I always promised myself before that I would write a blog post at the end of every term, but in the 3 years that I’ve been teaching, I may have done it just once. And hurrah, now is the second time!

This time around, instead of just talking about the funny and frustrating things that happened this term, I would want to share with you (and with them) the things that I would want to remember (aside from the academic stuff of course) and later on, what I have learned from my students as well.

Caveat: I may bitch and moan at times about having to get up at 4AM every Saturday and the annoying things that my students do, but really, the 12 hours that I spend at the school are some of the most humbling, interesting and fun times at this stage of my life.
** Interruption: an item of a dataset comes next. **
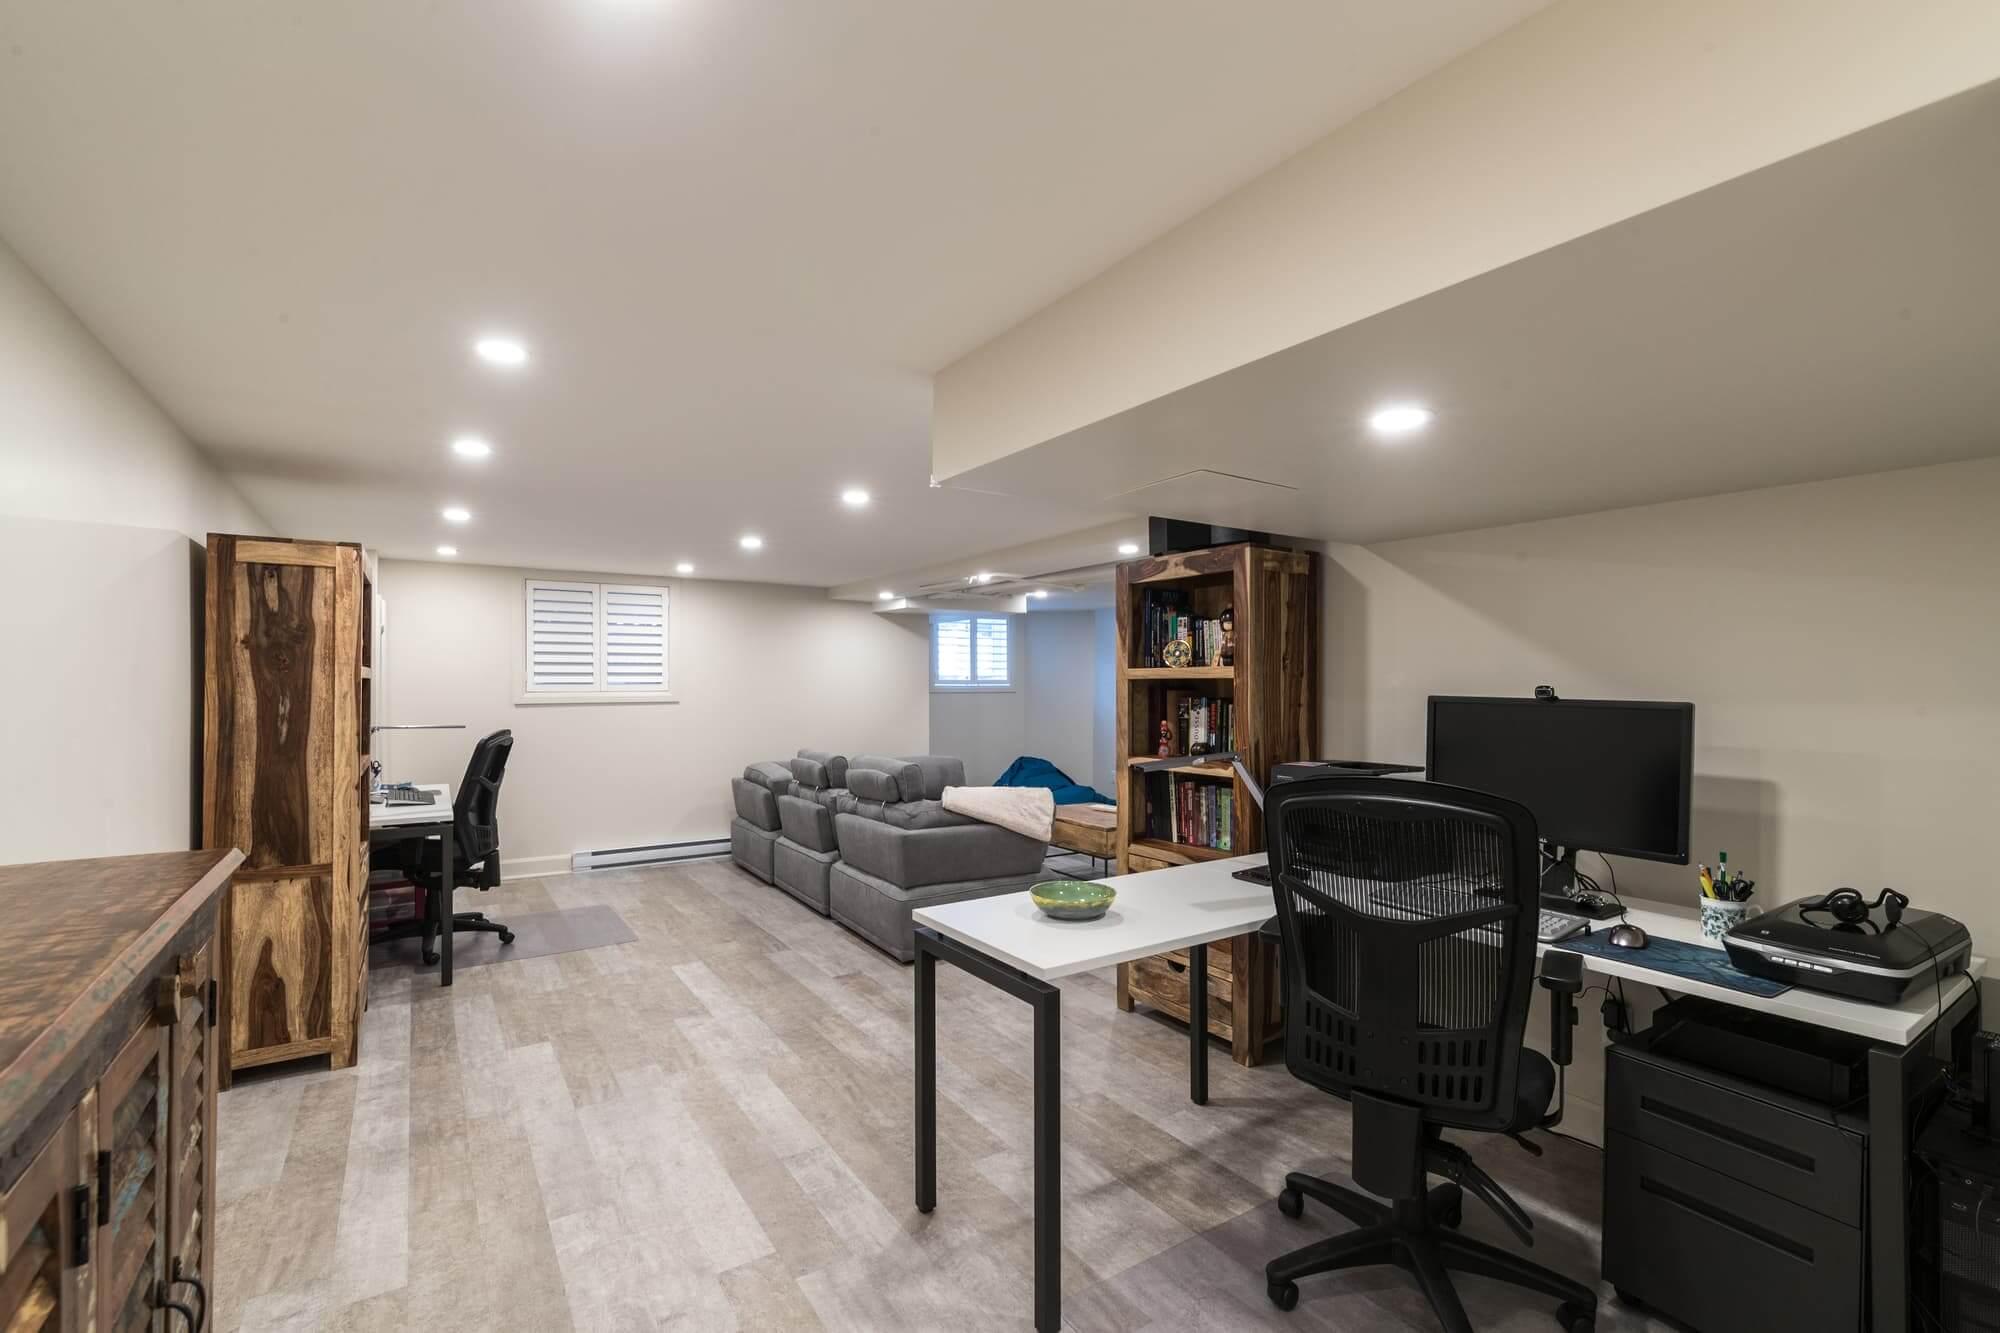 Rénovation d'un sous-sol moderne avec coin bureau et plancher en bois flottant gris pâle

1. It’s never too early to start acting like you’re a professional

Most of you are in your third or fourth year so you’re a bit nearer towards entering the corporate or professional world. So as early as now, I want you guys to learn how to create a proper email address (no please), how to properly write an email (you need to put something in the body, not just attach a file and send), how to edit and re-edit everything that you submit in class (typos will kill your career). Now while these things of course are just a tiny part of your life, it speaks to a disciplined mind and a commitment to excellence that you’ve mastered these things as early as now.
2. Stop expecting the world to spoon feed you

I really hate having the “Kami nga noon sa UP eh” mindset because MCL and UP are two vastly different creatures. But I can’t help but think sometimes about how being trained to fend for yourself helped turn me into an independent person and a critical thinker. And this is something I want to impart to you in small doses. The teacher doesn’t give you readings? Go out and read on the topic yourself. You didn’t understand some things during class? Research on your own or ask your classmate or even teacher to clarify things. You don’t agree with what the teacher said? Approach him/her and engage him/her in a discussion. Believe me, we will not turn you away. In fact, we welcome it. The “real world” will not give you everything you need and want and you need to start learning early on how to deal with that and how to go out and find things on your own.
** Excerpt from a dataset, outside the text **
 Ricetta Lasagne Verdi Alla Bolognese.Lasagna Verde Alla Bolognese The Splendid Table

3. Learn to speak your mind but be prepared to explain

I always tell you that I will not accept a “I liked/hated it” or an “I agree/disagree” answer. You need to be able to explain why or why not. It develops your critical thinking and it will make you appreciate things more than you originally thought. Opinions are always welcome. I never tell anyone you have the right or wrong opinion about something. But you need to be able to justify or just even explain your opinions. So no, I don’t accept “witty” one word answers to essay questions.

4. But also be prepared to listen (especially to those that you don’t agree with)
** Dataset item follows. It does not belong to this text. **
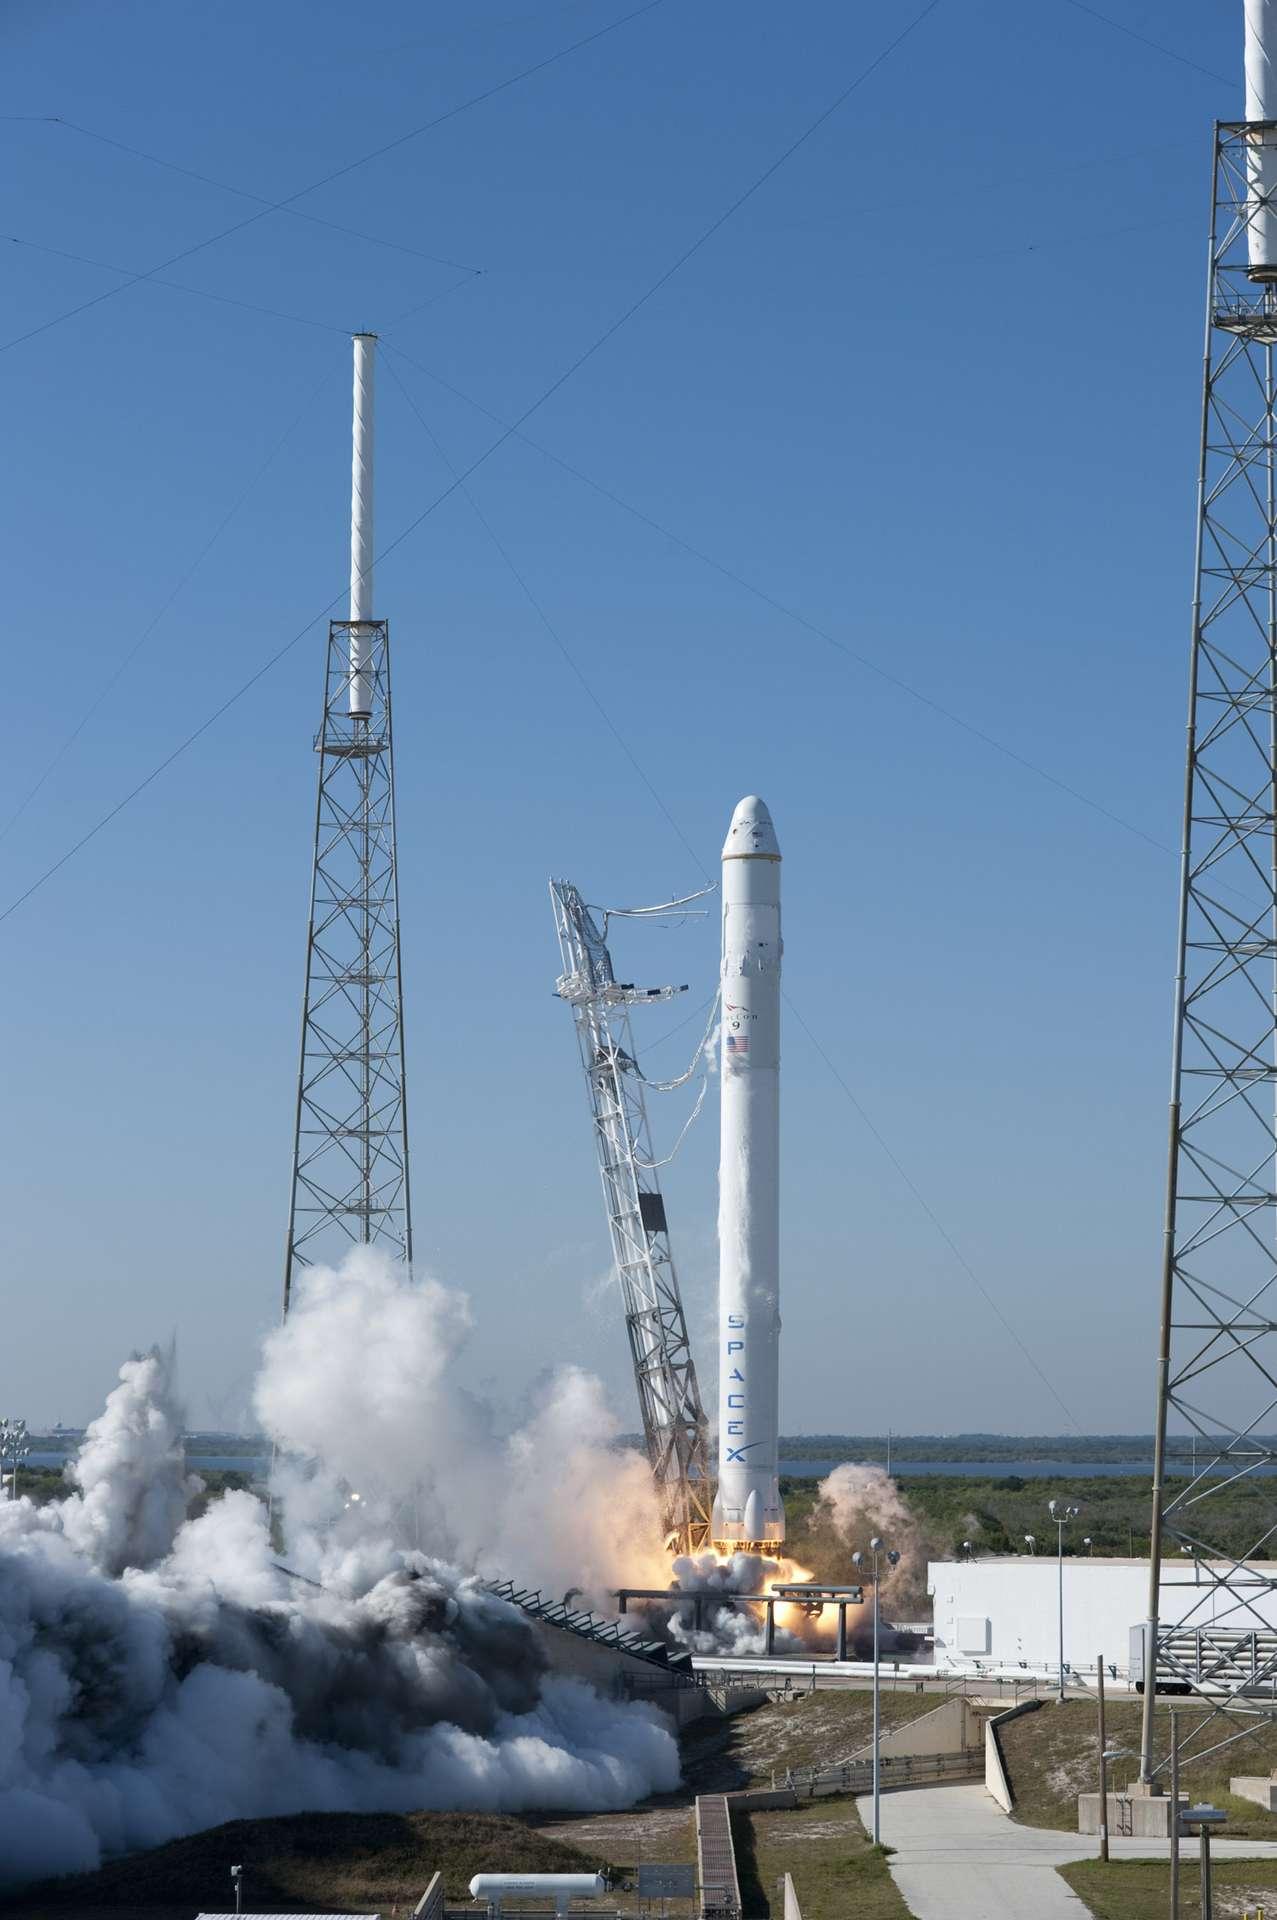 Le lanceur Falcon 9 a décollé du complexe LC 40 de cap Canaveral à 15 h 43 TU. La capsule Dragon a été larguée suivant le plan de vol de la mission. Elle a tourné deux fois autour de la Terre avant d'entamer sa traversée dans l'atmosphère et d'atterrir au large des côtes californiennes à 19 h 04 TU. © Nasa/Tony Gray & Kevin O'Connell

The danger also with having a lot of opinionated voices in one class is that there are no more people left to listen. So you need to train yourself to express yourself but also to pause and listen to other people. It’s even more important to listen to those whose opinions you don’t agree with because, who knows, you might learn a thing or two about the issue, about your classmates and even about yourself. Listening to someone from the “opposite camp” doesn’t necessarily mean giving up your stand. It just means you expand your horizons even more. Which leads us to…

5. The world is so much bigger than the ___ corners of your school or the four corners of your computer/laptop/mobile device

I cannot emphasise enough how important this idea is, especially in your development as an artist, a writer, a media practitioner and a human being. I have been frustrated so many times when I ask “Have you watched this?” “Do you know this person?” “Did you read about this?” and I get blank stares or just one or two raise their hands. There is a whole wide world out there, ready for you to discover and explore and dissect and examine. You don’t even have to travel (although traveling is also so important) to be able to discover them. Read. Watch TV. Talk to people. Go around your town. Or okay, if you don’t want to be parted from the Internet, browse the world wide web (not just FB or Twitter or Instagram). Go beyond what you are used to or even what you just like. You are still young enough to not be set in your ways. This is the time to figure out what you like, hate, are obsessed with, will give up forever. I’m not that young anymore but everyday I’m still discovering and studying things. And it’s not like I’m asking you to study math (but you could, if you want to) or memorise scientific formulas. You are media students, artists, writers. Go be that.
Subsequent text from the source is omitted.